--- Supplied material ---
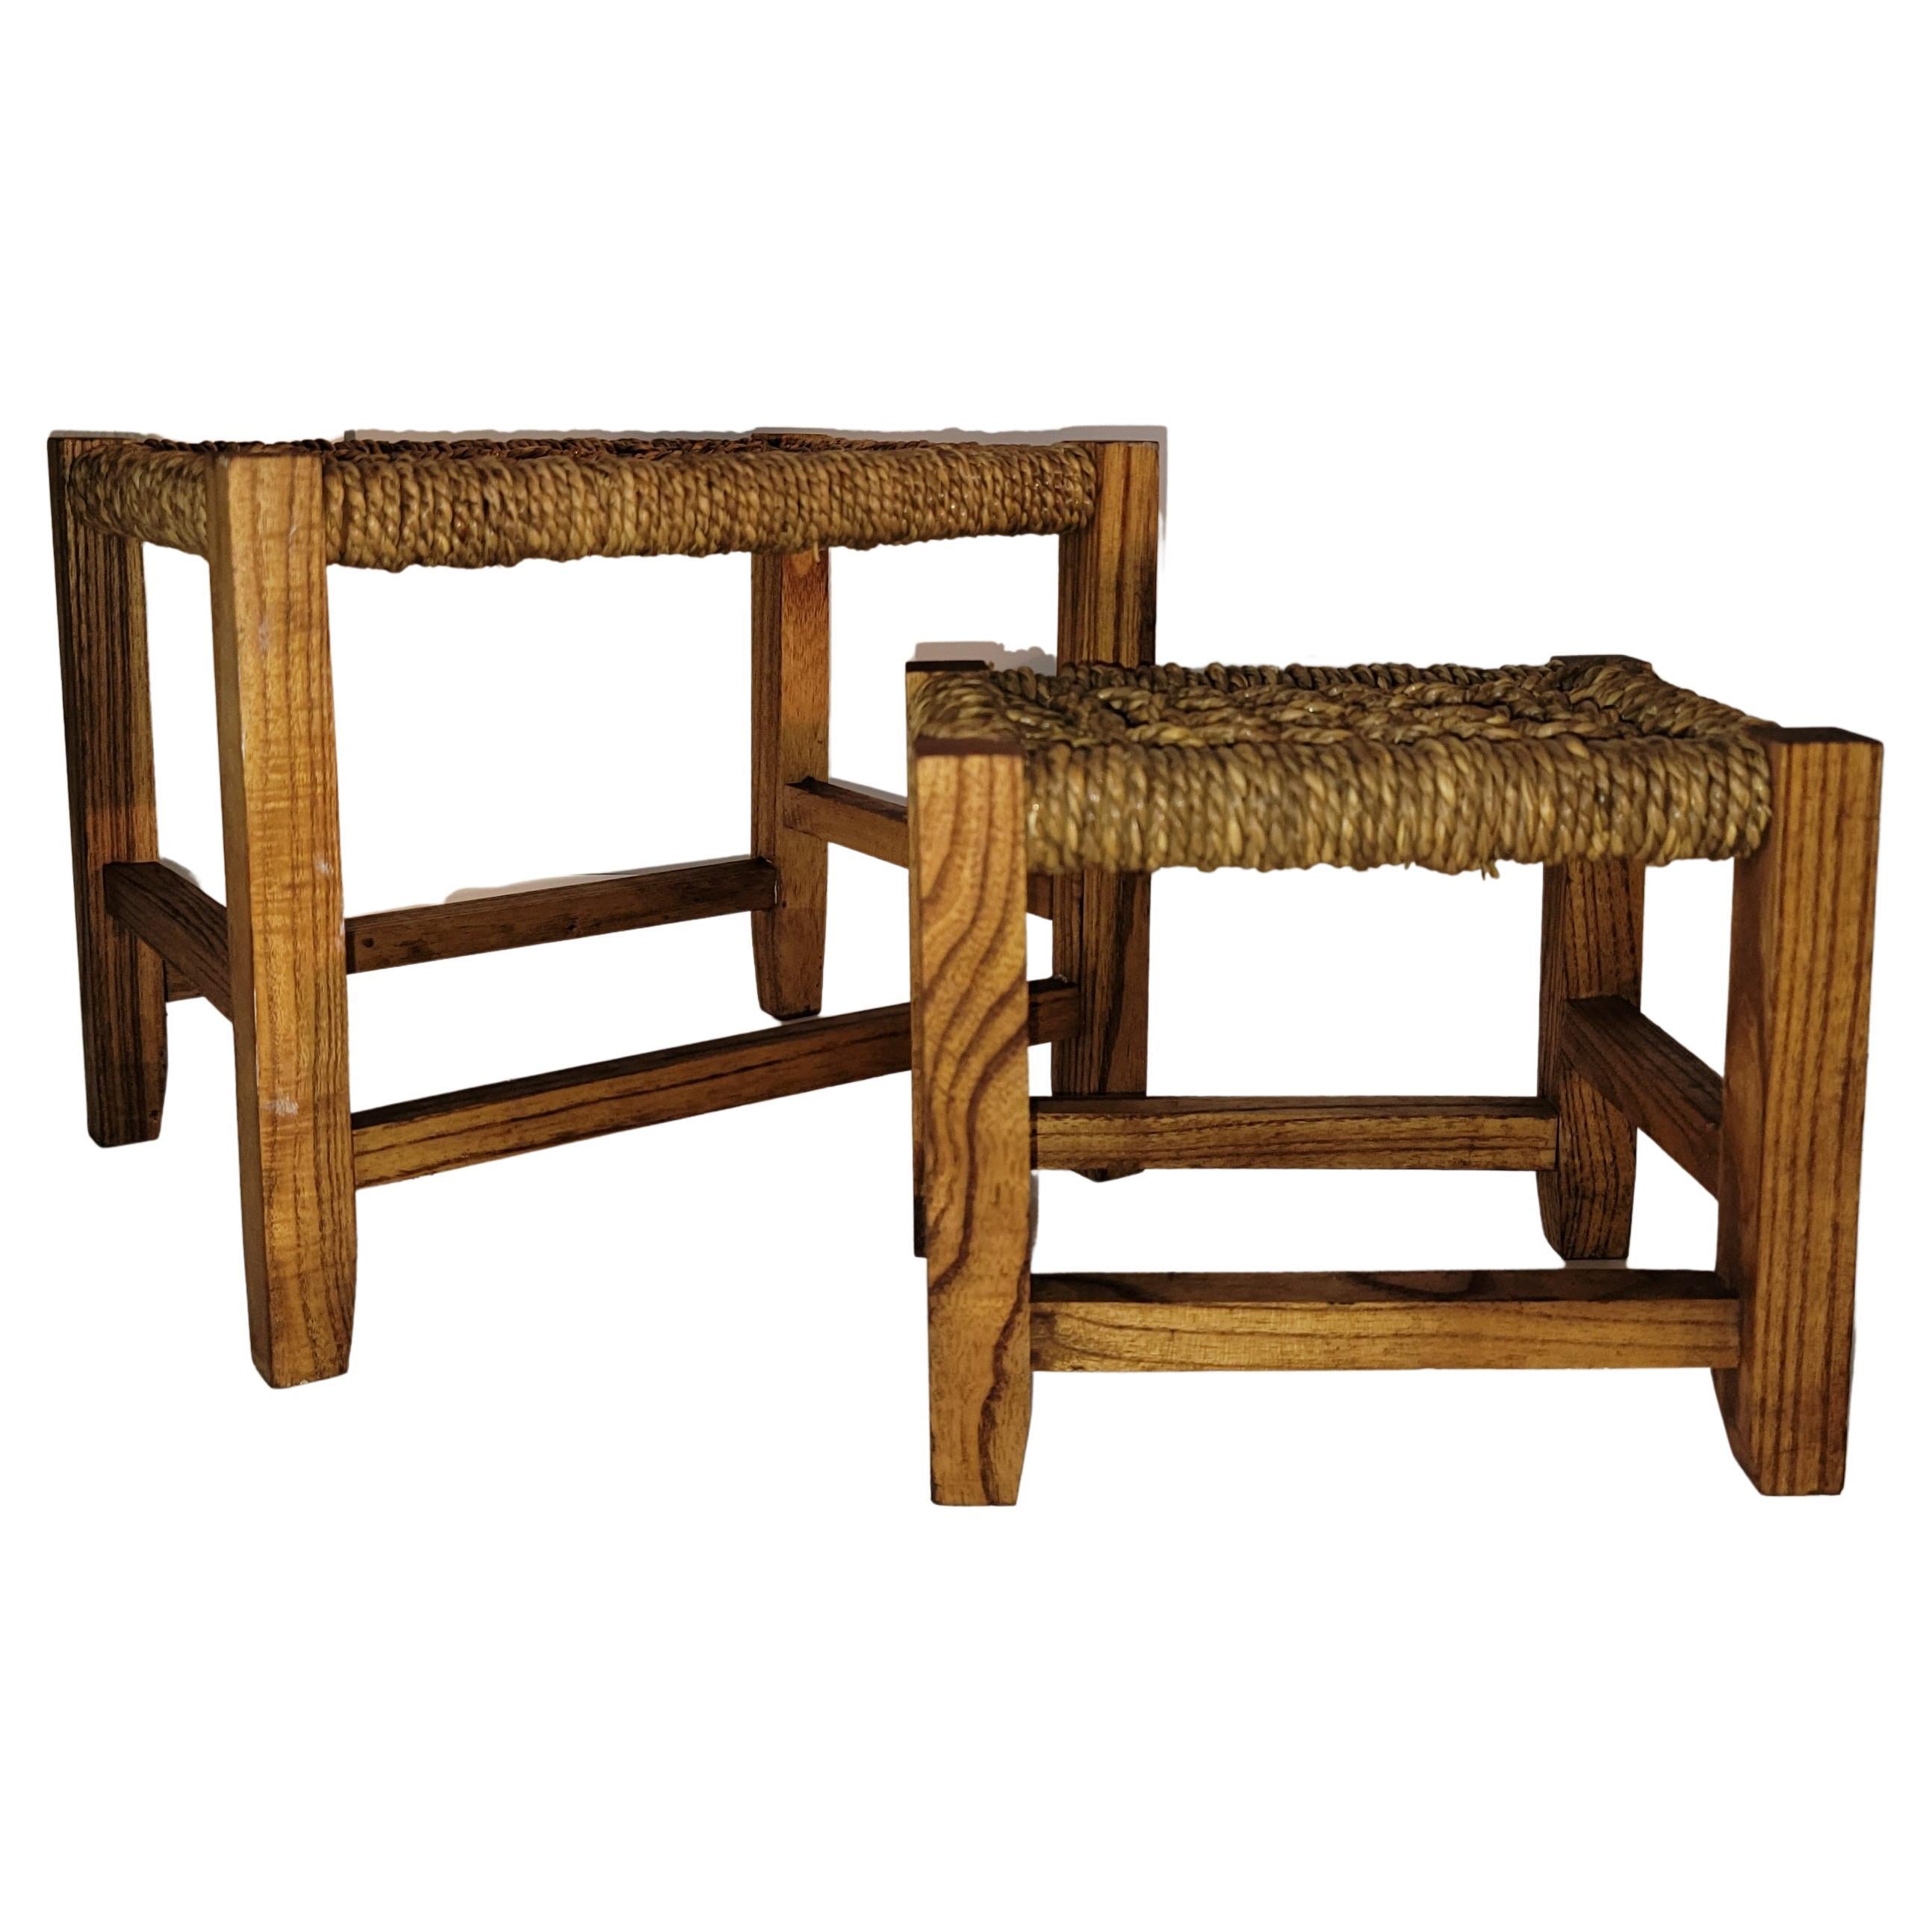 Seagrass Footstool - Pair
stool measures  - 11.5 x 10.5 x 10.5
smaller stool measures -7 x 9.5 x 8

--- Required action ---
Retype each line above precisely, please. Skip anything that is a picture.

--- Written solution ---
 Seagrass Footstool - Pair
stool measures  - 11.5 x 10.5 x 10.5
smaller stool measures -7 x 9.5 x 8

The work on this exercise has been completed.